▸ **SOURCE MATERIAL**:
* * *

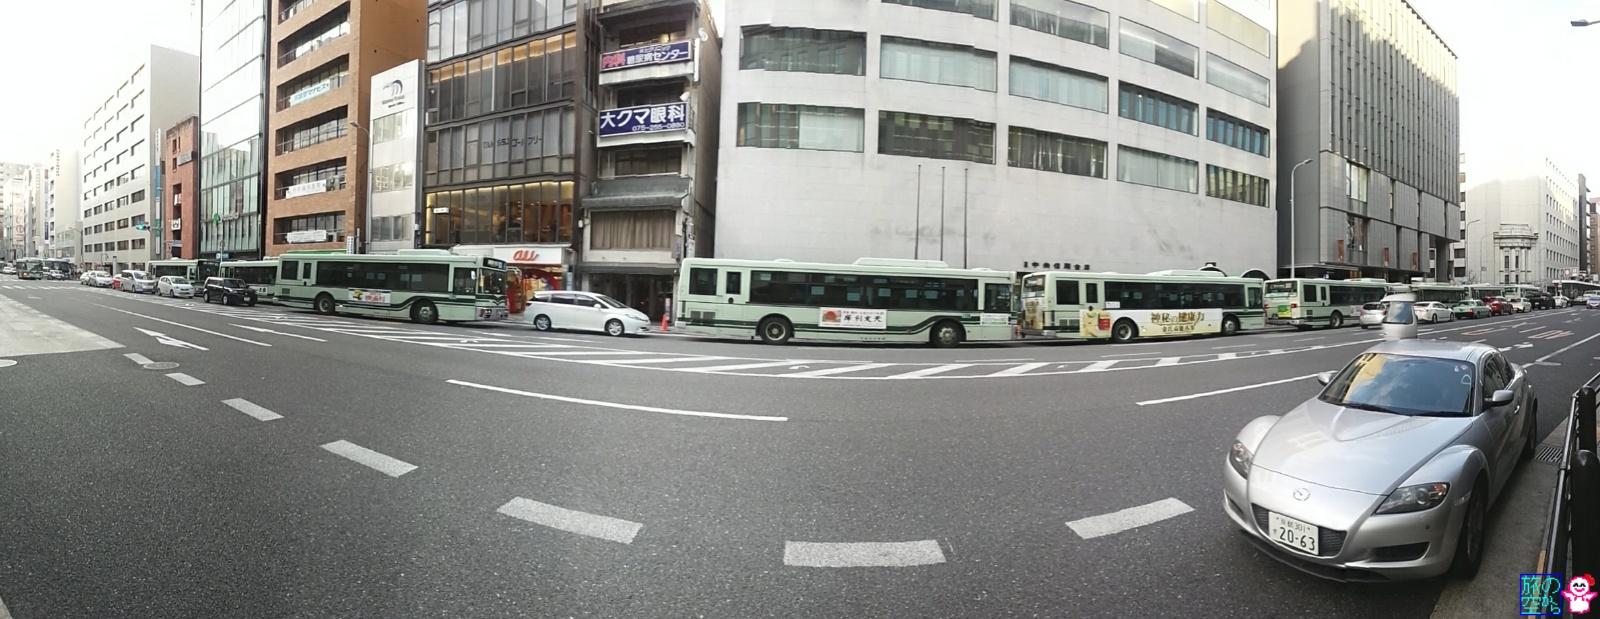 きょうの市バス(四条烏丸)
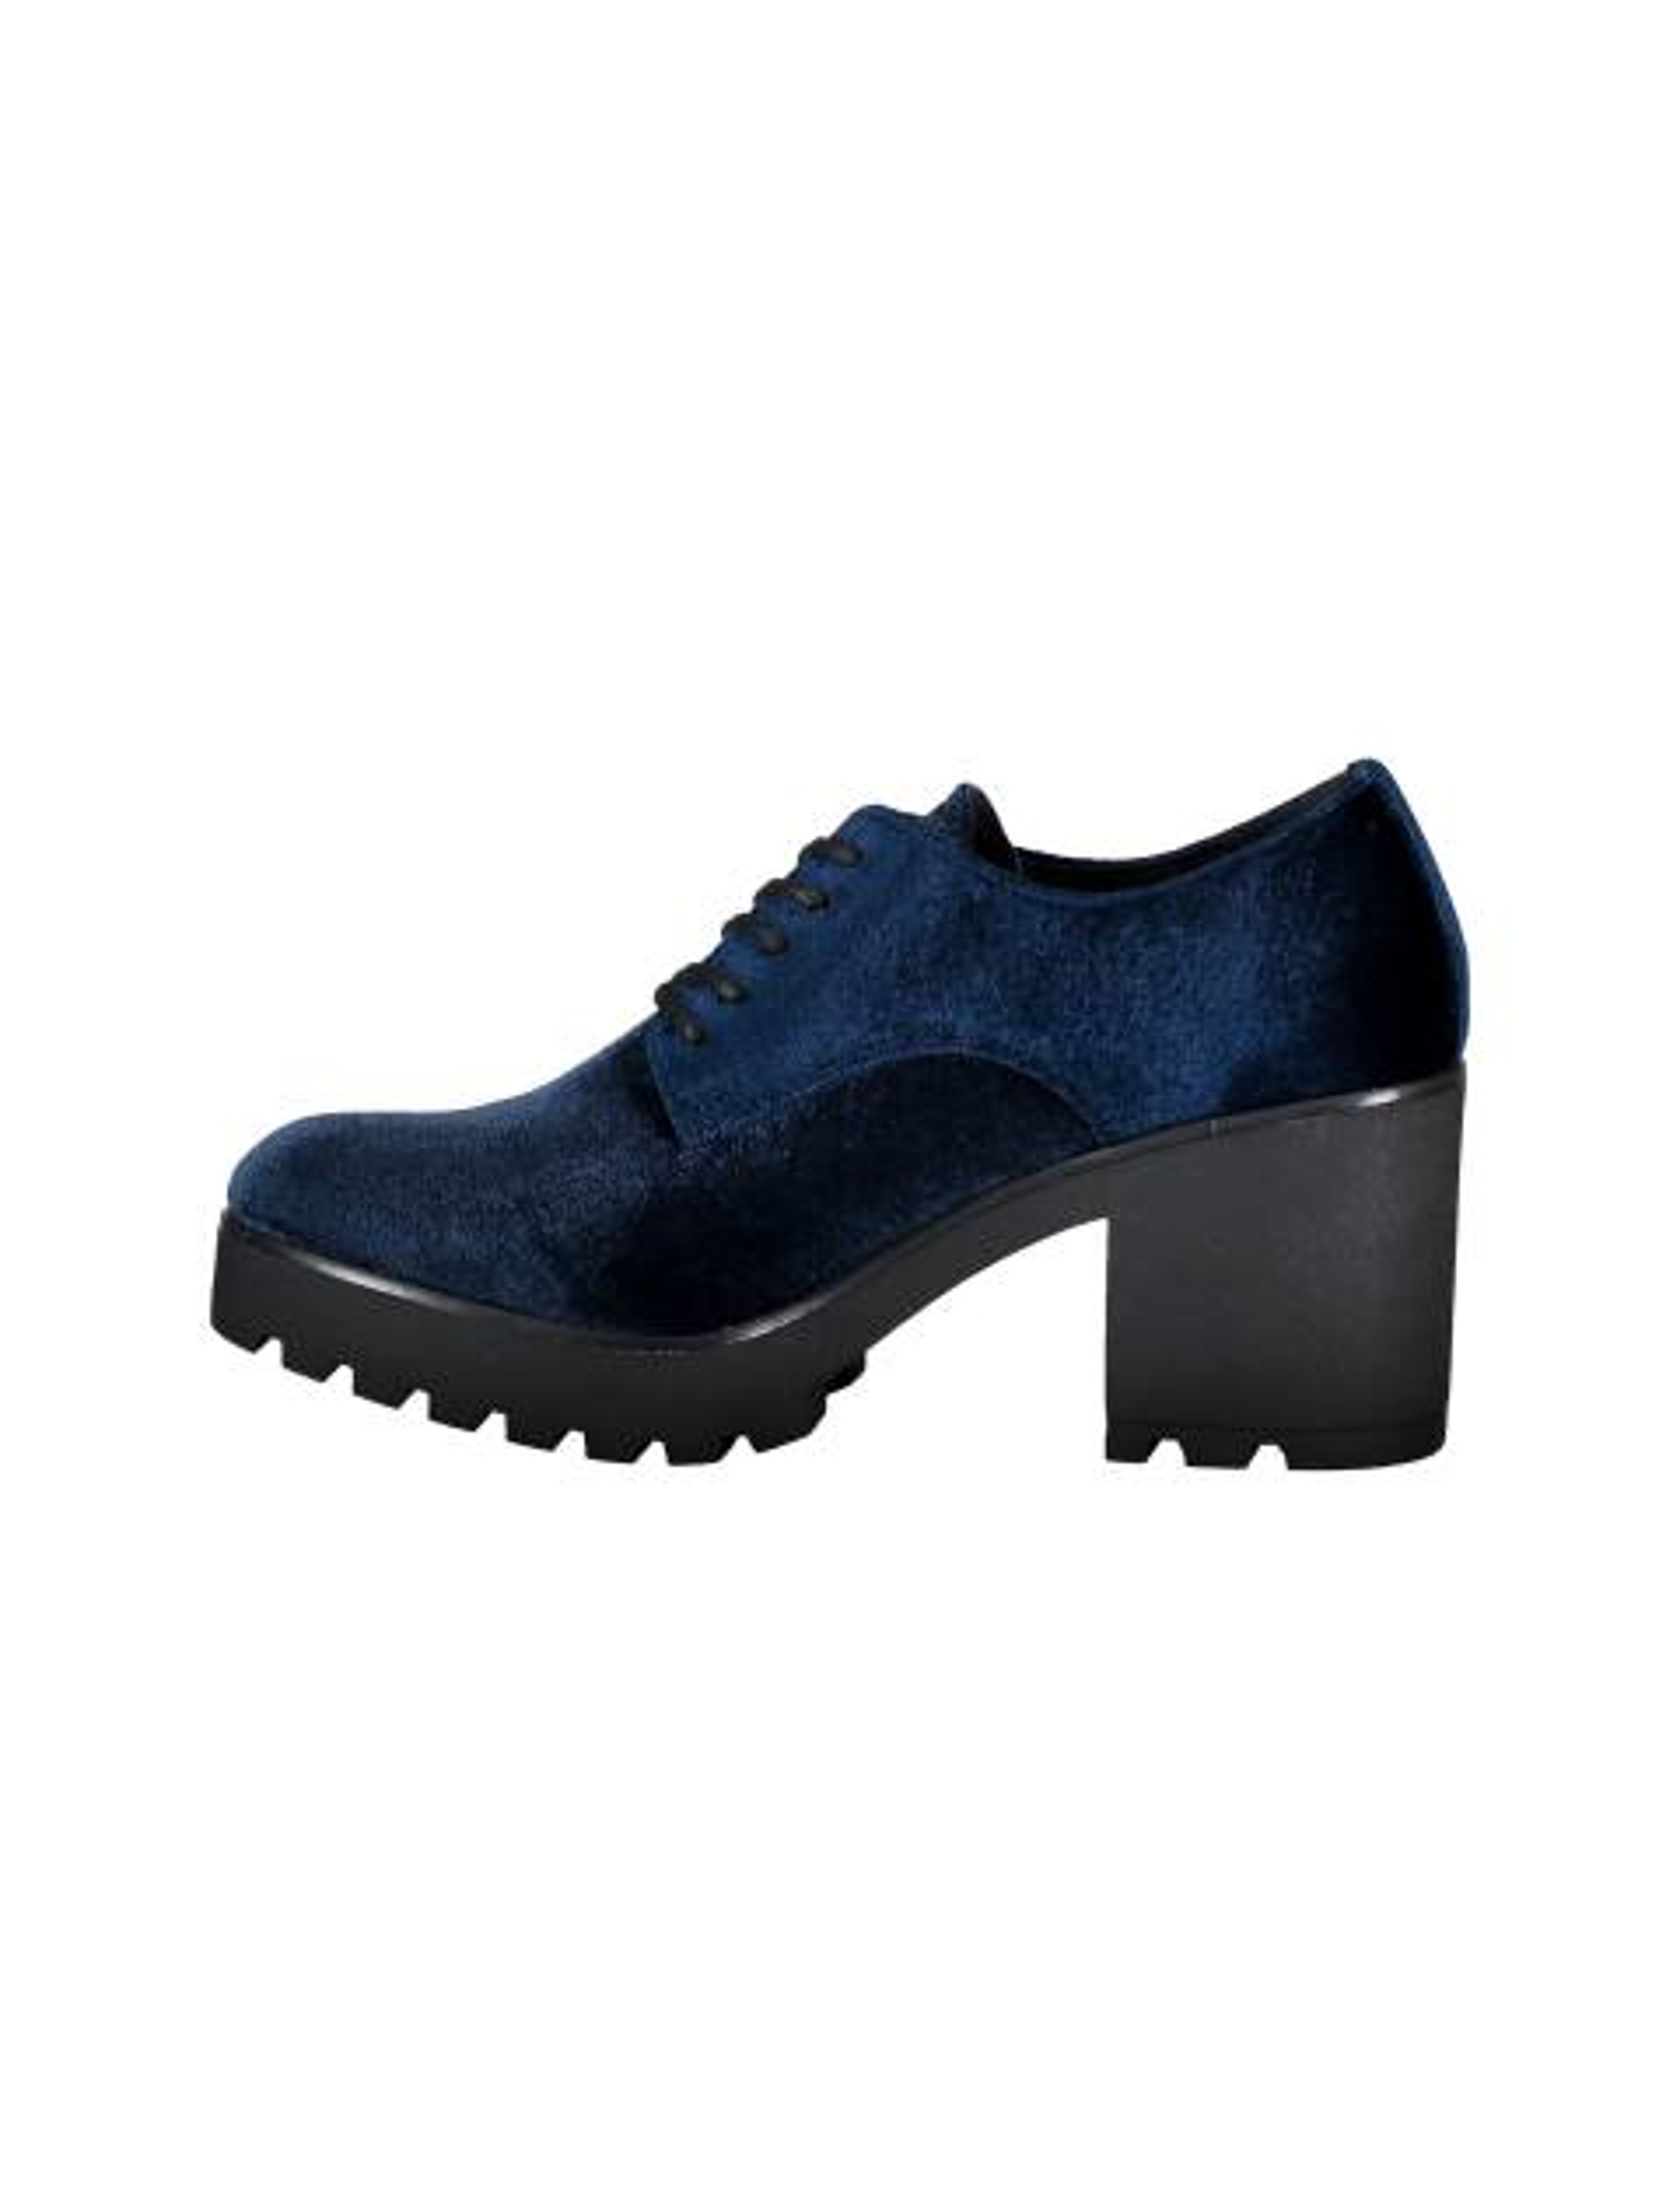 کفش پاشنه بلند زنانه - سرمه اي - 3
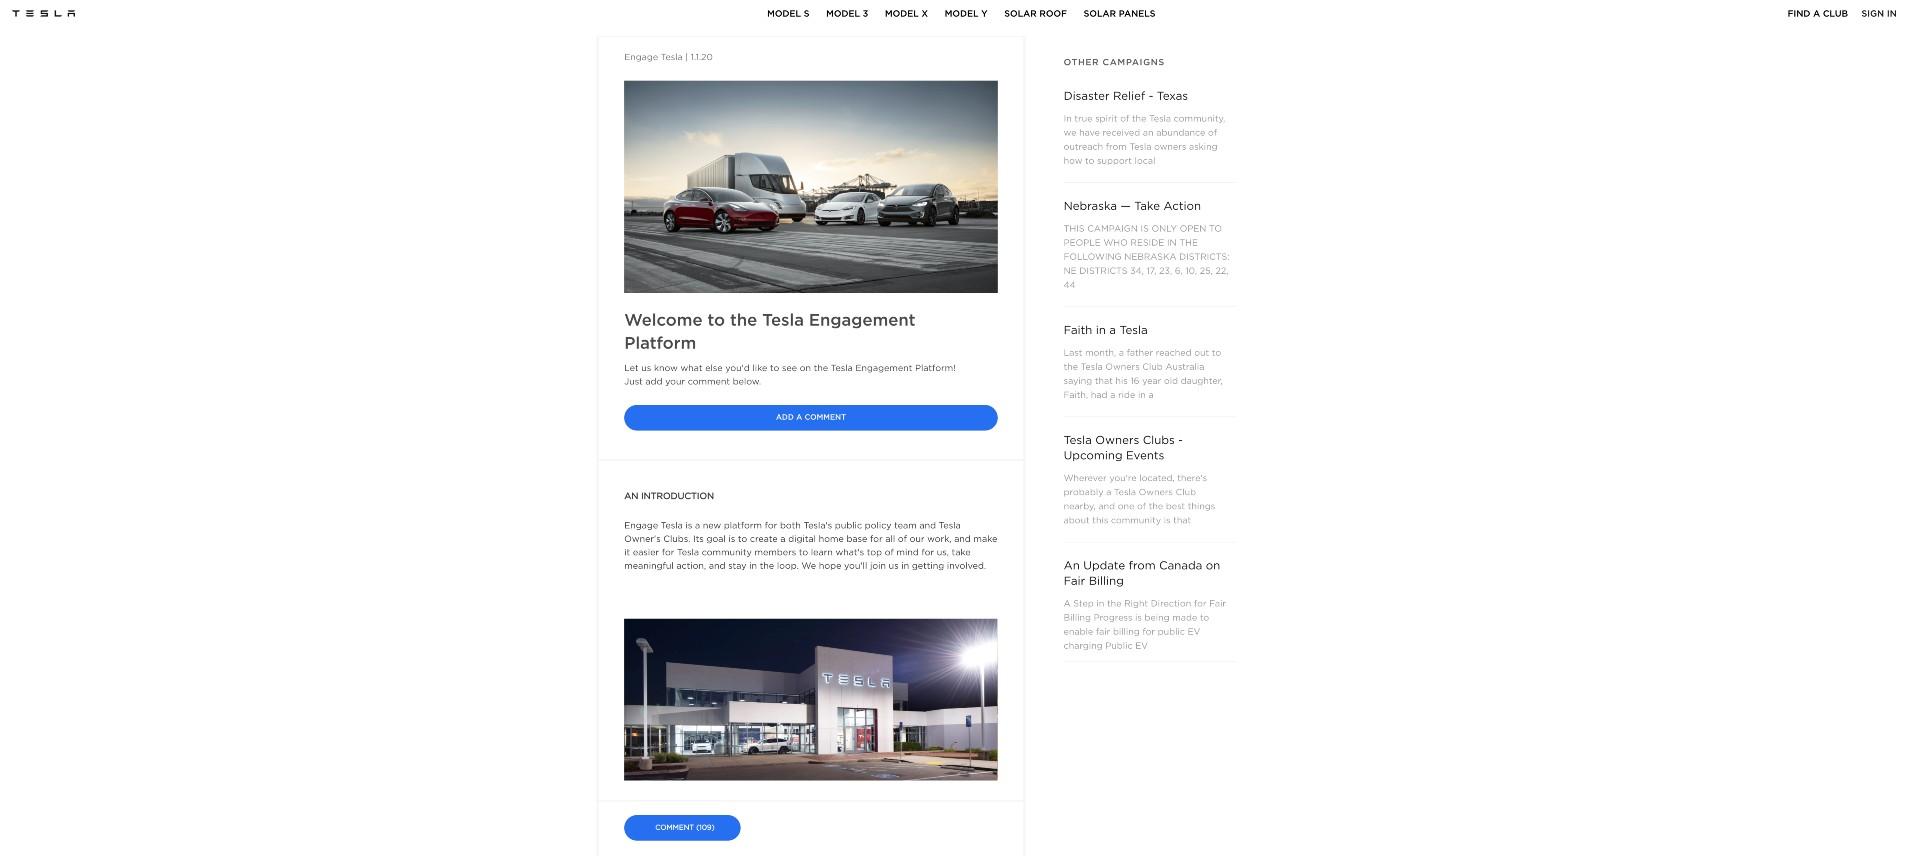 tesla-engage-platform-website
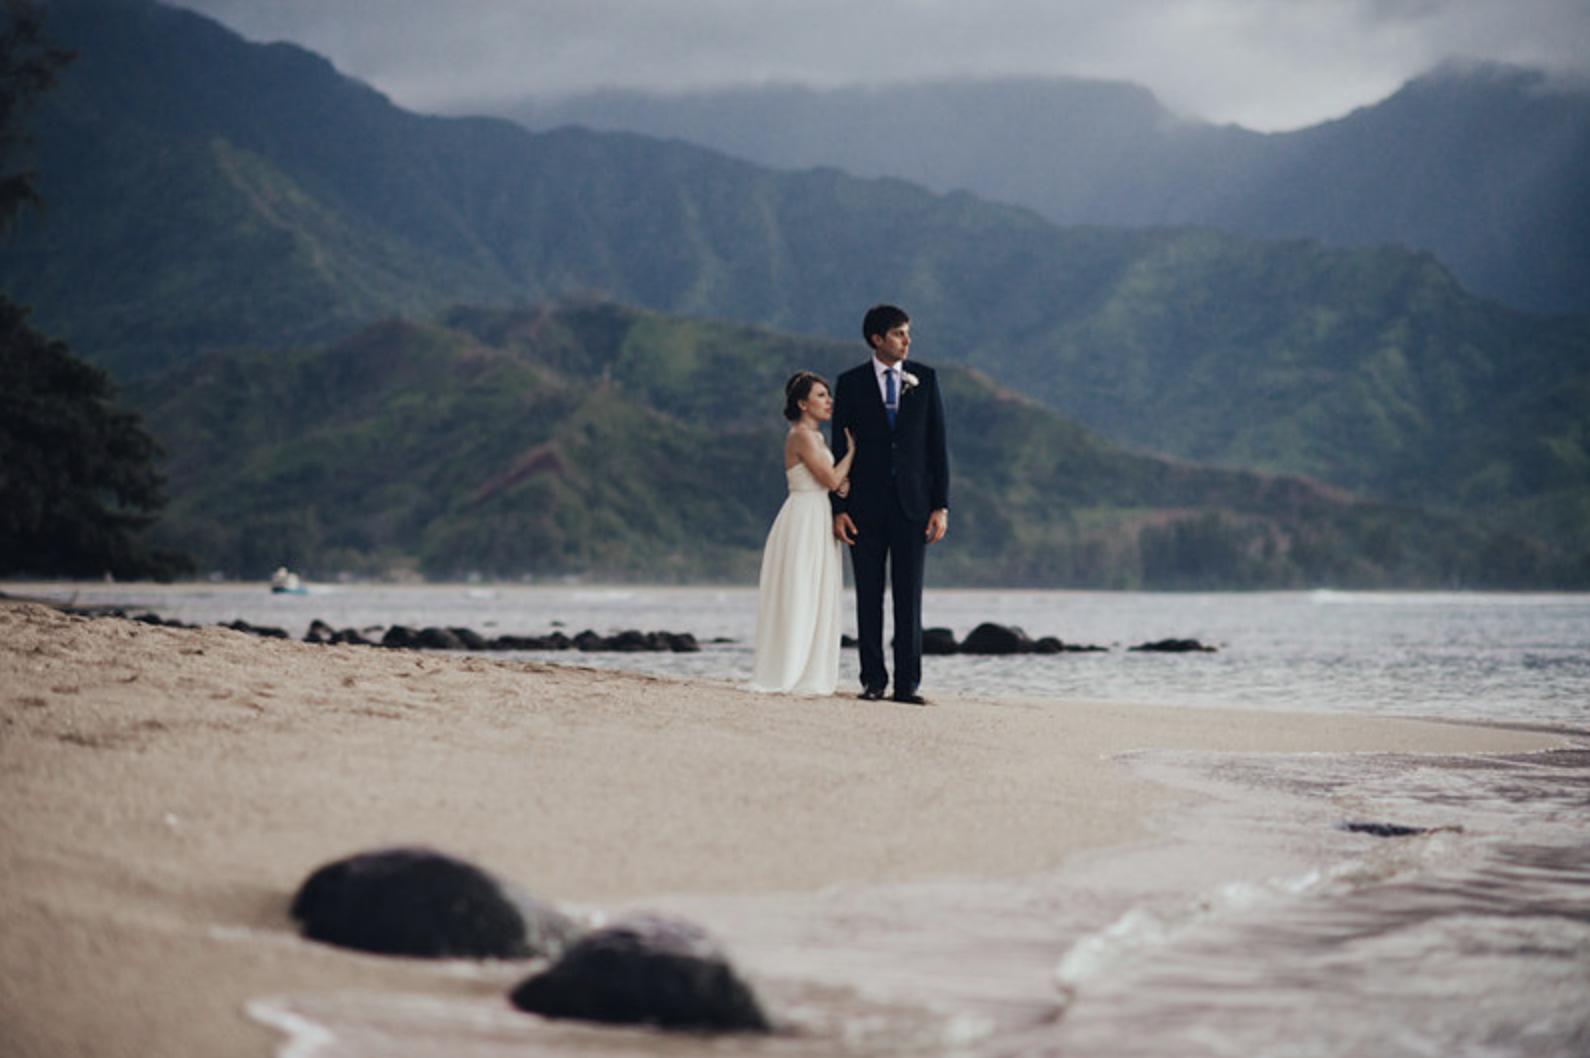 Renee + Nick, Kauai Island

* * *

▸ **WORK ITEM**: Please return the whole listing exactly. Do not copy its images.

▸ **ANSWER TO THIS EXERCISE**:
 きょうの市バス(四条烏丸)
 کفش پاشنه بلند زنانه - سرمه اي - 3
 tesla-engage-platform-website
 Renee + Nick, Kauai Island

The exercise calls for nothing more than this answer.